小田実の「HIROSHIMA」

 この本は、所謂「原爆文学」といわれる作品の中では比較的新しく、ジョウという牧場で働いていたアメリカの男が、第二次世界大戦で召集され米軍の空軍に入隊、ヨーロッパ戦線でヒトラーがバンザイした後、日本にトドメを刺すべく爆撃機に搭乗して日本の呉を空襲した際、対空砲火に被弾、パラシュートで脱出するが日本軍の捕虜となって広島の収容所で監禁され、おりしも、八月六日、原爆に被災し死亡。米軍兵が米軍の投下した原爆によって戦死した物語がこの作品の骨子となっている。すなわち、米軍兵「ジョウ」は米国の国家権力の被害者だ、著者はそう結論しているのだろう。また周知のとおり、現実に、広島の原爆によって日本人ばかりではなく、米軍の捕虜や強制労働者の朝鮮人なども被爆、死亡している。

 「HIROSHIMA」 小田実著 講談社 1981年6月20日 第1刷

 四百字詰め原稿用紙762枚の長編小説であり、もちろん、先にあげた物語の骨子の展開する中で、アメリカの先住民いわゆる「インディアン」とヨーロッパから移民してアメリカに住み着いて先住民を弾圧して国家を成立させたいわゆる「アメリカ人」との差別などの問題、アメリカに移民した日本人いわゆる「ジャップ」の問題、特にアメリカ国籍を取得した「ジャップ」が第二次世界大戦の時、アメリカの自由と民主主義の旗の下、収容所に収容されたり、あるいは、戦時下の日本における朝鮮人の差別問題、日本における都会人と地方人、軍人と一般市民のほとんど差別に近い違和感の問題等々、さまざまなエピソードがチリバメられている。

 さて、ボクはこの本が所謂「原爆文学」の中では比較的新しい作品だと指摘したが、例えば、広島の原爆をテーマにした作品で米兵の問題を前面に取り上げた代表作を以下にあげてみる。

 「審判」 堀田善衛著 岩波書店 1963年10月28日 第1刷

 「アメリカの英雄」 いいだもも著 河出書房 1965年1月30日発行

 「HIROSHIMA」 小田実著 講談社 1981年6月20日第1刷

 ところで、一九六〇年代前半に発表された「審判」と「アメリカの英雄」は原爆を投下した米軍のパイロットの戦後の生き様が描かれており、「審判」のパイロットは物語の終局で広島の平和公園で自殺。「アメリカの英雄」のパイロットは、米国民から英雄として賞賛されている自分を否定し、法廷に立って自らの罪を告白しようとして国家権力によって精神病院に監禁され、この世から永久に隔離される。いずれにしてもこの二作とも、パイロットが原爆を投下した自分の行為を「自己否定」する物語を根幹にして構成されている。翻って思えば、六十年代といえばこの「自己否定」の思想に共鳴した多くの若者がいたのではなかったか。例えば、「自己否定」を重ねて、一個の無名の人になる、そういう考え方が。

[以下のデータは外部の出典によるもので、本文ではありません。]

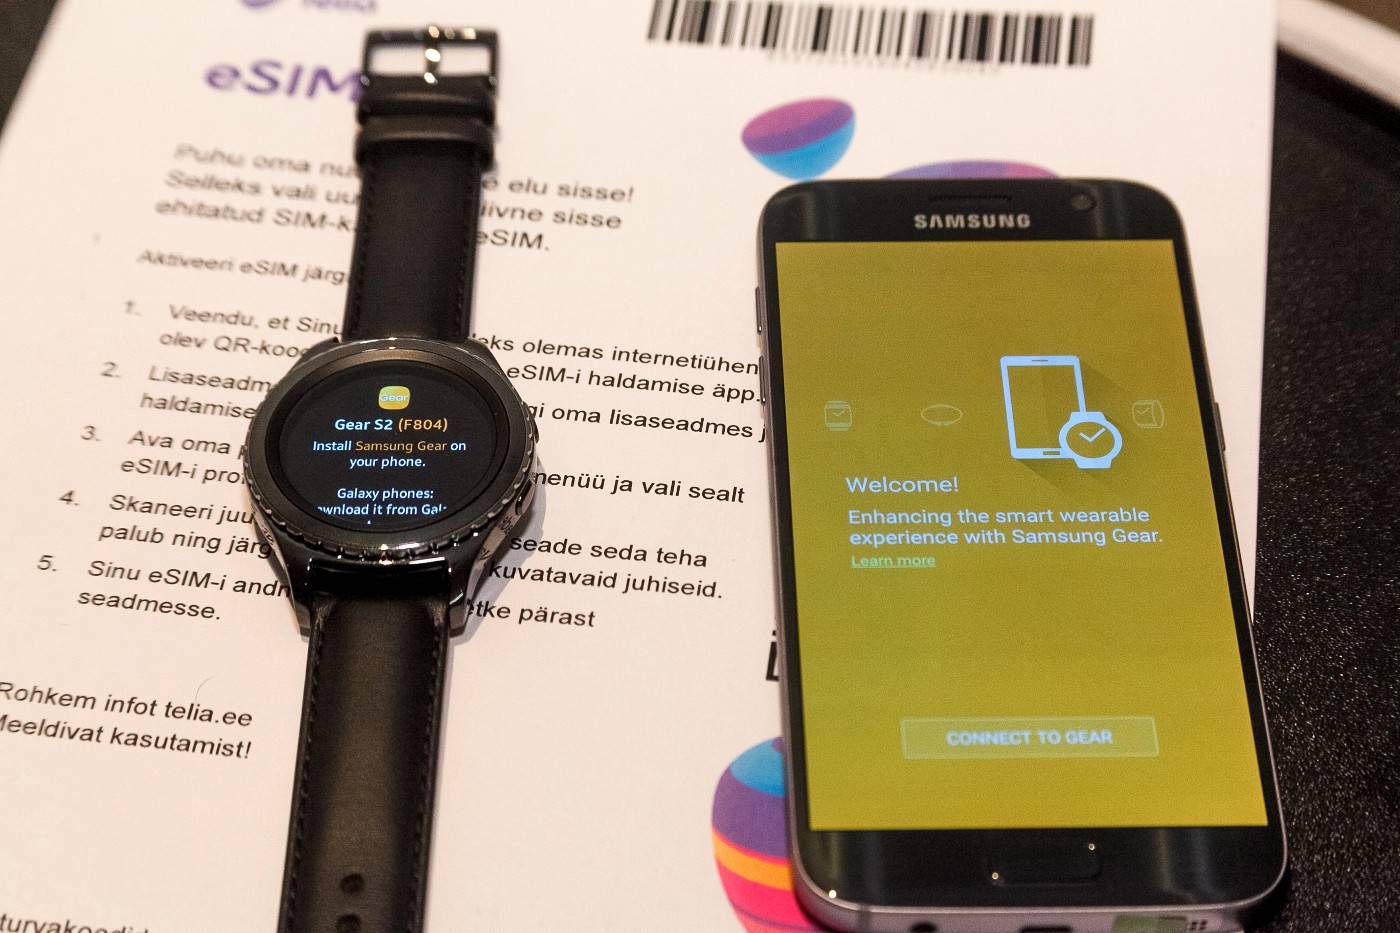 Galaxy watch esim. Часы Samsung e SIM. Часы для самсунг s20 Fe. Есим на галакси вотч. Смартфон с поддержкой e-SIM.

 それから十五年余り後に「HIROSHIMA」は書かれている。一九七〇年代には、まず七二年五月十五日に沖縄復帰、七三年一月二十七日のパリ協定によるベトナムからの米軍撤退、七六年七月一日の南北統一によるベトナム社会主義国樹立。従って、この作品が発表された八一年には大きな政治争点は消滅していた。

 そうした社会状況の中で、この作品の終章、第三章はこうなっている。概略を言えば、ひとりはウラン鉱労働者で放射能に汚染されガンに、ひとりはウラン鉱採掘現場の下流に住む住人で放射能の汚染水を飲みガンに、もうひとりは原爆実験の訓練中に放射能を浴びてガンになり、三人そろって同じ病院の病室で終末医療の療養生活を送る。そして、痛み止めのモルヒネをうたれ、奇妙な妄想をする中で、彼等は死んでゆく。まず、彼等は、今までこの「HIROSHIMA」という物語に登場した戦争や差別の中で殺されたすべての人々に変身し、これらの殺された側の人々を代表して、逆に、殺した側の人間を殺すことによって、平等な社会を実現しようとする。

 彼等三人はヘリコプターで鉛の箱に原爆実験で汚染された土を詰めてホワイトハウスの上空まで輸送し、アメリカ大統領と日本の天皇ヒロヒトが会見している庭園に撒き散らし彼等を放射能で汚染する作戦を開始する。目には目を、歯には歯を、放射能に汚染された三人の末期ガン患者は、究極のテロリズム幻想を夢みて、永眠する。